*Required work*.
Find every line in the records below that holds the word "Stock", and copy each one.

*Excerpted records*.
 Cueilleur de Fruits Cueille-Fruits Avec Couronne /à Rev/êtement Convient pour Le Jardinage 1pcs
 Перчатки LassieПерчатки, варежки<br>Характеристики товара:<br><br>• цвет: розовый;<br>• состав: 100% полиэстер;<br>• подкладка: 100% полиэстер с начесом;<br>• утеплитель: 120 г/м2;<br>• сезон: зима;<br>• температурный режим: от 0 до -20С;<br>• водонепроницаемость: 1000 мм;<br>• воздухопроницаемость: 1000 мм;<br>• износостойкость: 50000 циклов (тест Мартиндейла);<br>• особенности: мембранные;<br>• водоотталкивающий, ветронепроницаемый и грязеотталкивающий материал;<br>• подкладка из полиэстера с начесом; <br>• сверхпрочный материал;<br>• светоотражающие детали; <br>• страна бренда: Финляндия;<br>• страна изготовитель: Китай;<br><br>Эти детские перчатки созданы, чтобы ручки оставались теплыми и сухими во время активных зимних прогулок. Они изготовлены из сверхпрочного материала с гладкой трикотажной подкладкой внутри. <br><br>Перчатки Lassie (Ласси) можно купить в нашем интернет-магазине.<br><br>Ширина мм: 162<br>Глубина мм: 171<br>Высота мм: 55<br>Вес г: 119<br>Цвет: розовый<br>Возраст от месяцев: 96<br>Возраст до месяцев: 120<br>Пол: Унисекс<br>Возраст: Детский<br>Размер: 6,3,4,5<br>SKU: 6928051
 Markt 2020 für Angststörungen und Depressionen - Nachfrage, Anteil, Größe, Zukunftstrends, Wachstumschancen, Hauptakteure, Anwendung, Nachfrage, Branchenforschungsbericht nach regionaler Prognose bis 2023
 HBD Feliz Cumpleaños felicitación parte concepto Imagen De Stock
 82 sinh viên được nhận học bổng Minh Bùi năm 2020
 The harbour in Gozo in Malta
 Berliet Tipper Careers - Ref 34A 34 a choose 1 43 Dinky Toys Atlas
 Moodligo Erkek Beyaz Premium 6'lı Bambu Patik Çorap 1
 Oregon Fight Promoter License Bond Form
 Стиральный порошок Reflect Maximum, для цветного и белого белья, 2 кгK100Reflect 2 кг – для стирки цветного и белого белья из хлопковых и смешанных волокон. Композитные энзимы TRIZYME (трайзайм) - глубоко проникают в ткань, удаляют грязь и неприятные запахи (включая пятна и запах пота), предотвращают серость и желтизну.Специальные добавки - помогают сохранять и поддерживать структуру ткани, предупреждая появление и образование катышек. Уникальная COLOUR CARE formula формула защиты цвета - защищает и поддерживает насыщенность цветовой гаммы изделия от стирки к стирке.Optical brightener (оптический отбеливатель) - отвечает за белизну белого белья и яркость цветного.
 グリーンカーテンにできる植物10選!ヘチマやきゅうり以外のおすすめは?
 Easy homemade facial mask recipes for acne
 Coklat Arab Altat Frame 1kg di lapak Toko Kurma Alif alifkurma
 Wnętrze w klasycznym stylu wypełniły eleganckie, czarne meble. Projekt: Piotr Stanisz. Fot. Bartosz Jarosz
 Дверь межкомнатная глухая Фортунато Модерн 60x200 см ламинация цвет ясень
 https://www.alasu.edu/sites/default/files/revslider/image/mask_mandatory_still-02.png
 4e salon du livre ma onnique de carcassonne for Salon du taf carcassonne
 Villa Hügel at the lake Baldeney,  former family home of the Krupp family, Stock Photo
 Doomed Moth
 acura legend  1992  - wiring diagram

*Answer section*.
 HBD Feliz Cumpleaños felicitación parte concepto Imagen De Stock
 Villa Hügel at the lake Baldeney,  former family home of the Krupp family, Stock Photo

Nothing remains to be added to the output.